At N3.4 million, interest cost is insignificant on the company's income statement, which reflects a virtual absence of balance sheet debts. Save for a short-term loan of under N7.0 million, the company's balance sheet is free of interest bearing debts.
The company is again not planning for an increased borrowing but has embarked upon a rights issue of 1 for 3 to raise the new money it needs to improve operating capacity. It is expecting net proceeds of N522 million from the rights issue, which is now in process.
The funds are to be applied for purchase of new equipment needed for modernization of factory operations. The company's management said its manufacturing infrastructure has aged to the level of significant inefficiency. It expects that the infrastructure improvement will secure efficiency gain that will impact positively on turnover and profit performances.
A substantial improvement of the company's distribution channels is also a part of the capacity enhancement project. The company has opened a building materials and related products shopping complex in Abuja in pursuit of its revenue base diversification strategy.
The company earned 46 kobo per share in the second quarter, improving from 40 kobo in the corresponding period last year. Post offer earnings per share will however be lower than currently shown. Its post offer volume of shares is expected to come to 290 million, assuming full subscription to the rights issue. That will bring earnings per share to 79 kobo at full year, which will be a slight decline from the earnings per share of 83 kobo recorded in 2012.
The company's earnings per share records show a continuing decline from a peak of N2.03 in 2010 to N1.05 in 2011 and further to 83 kobo in 2012 - the lowest in five years. Berger Paints paid a dividend of 70 kobo per share for its 2012 operations. From the earnings per share outlook for the current year, a lower dividend may be expected at the end of this year.

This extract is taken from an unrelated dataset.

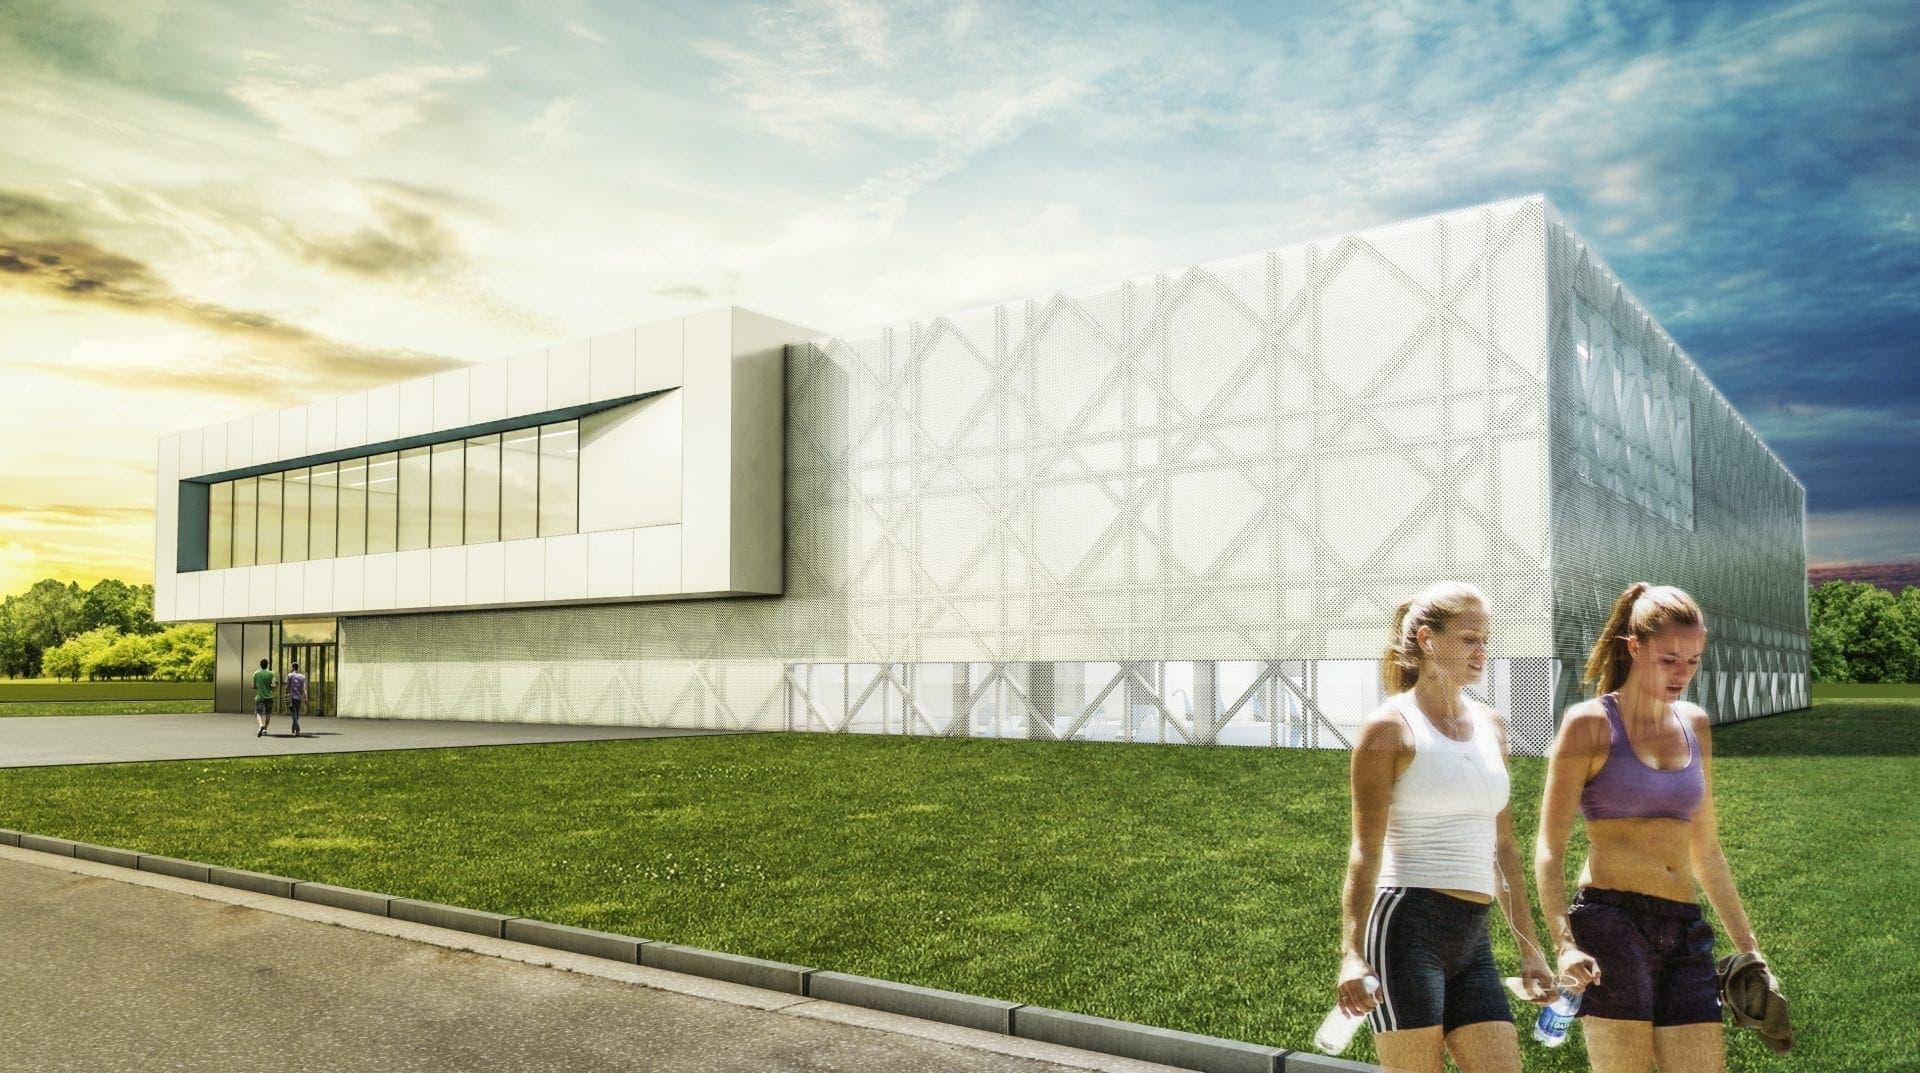 El nuevo centro deportivo en Torrejón de Ardoz

Major developments in the balance sheet of the company during the second quarter include a 12% increase in inventories, an increase of 9.0% in trade and other receivables and a drop of 32% in cash and bank balances. There was also an increase of 24% in trade and other payables, a decline of 8.0% in current assets and an increase of 11% in current liabilities.
The effect of these changes showed by way of adverse pressure on the cash flow during the review period. Net cash flow from operating activities fell by 96% to N10 million in the second quarter against the considerably higher cash requirements for investing and financing activities.
Developments to watch out for on the company in the second half of the year are whether there would be an accelerated growth in sales revenue and whether profit growth would step up. As per the company's promise, an improvement in factory efficiency expected with the planned factory modernization will save cost and stretch out profit margin.
Net profit margin remains well below the 2010 high of 15.9% and whether the company will live up to its promise of improving profit margin will be tested this year and in the coming years. A further gain in net profit margin in the second half of the year will step up profit performance; improve the earnings per share outlook as well as dividend expectation.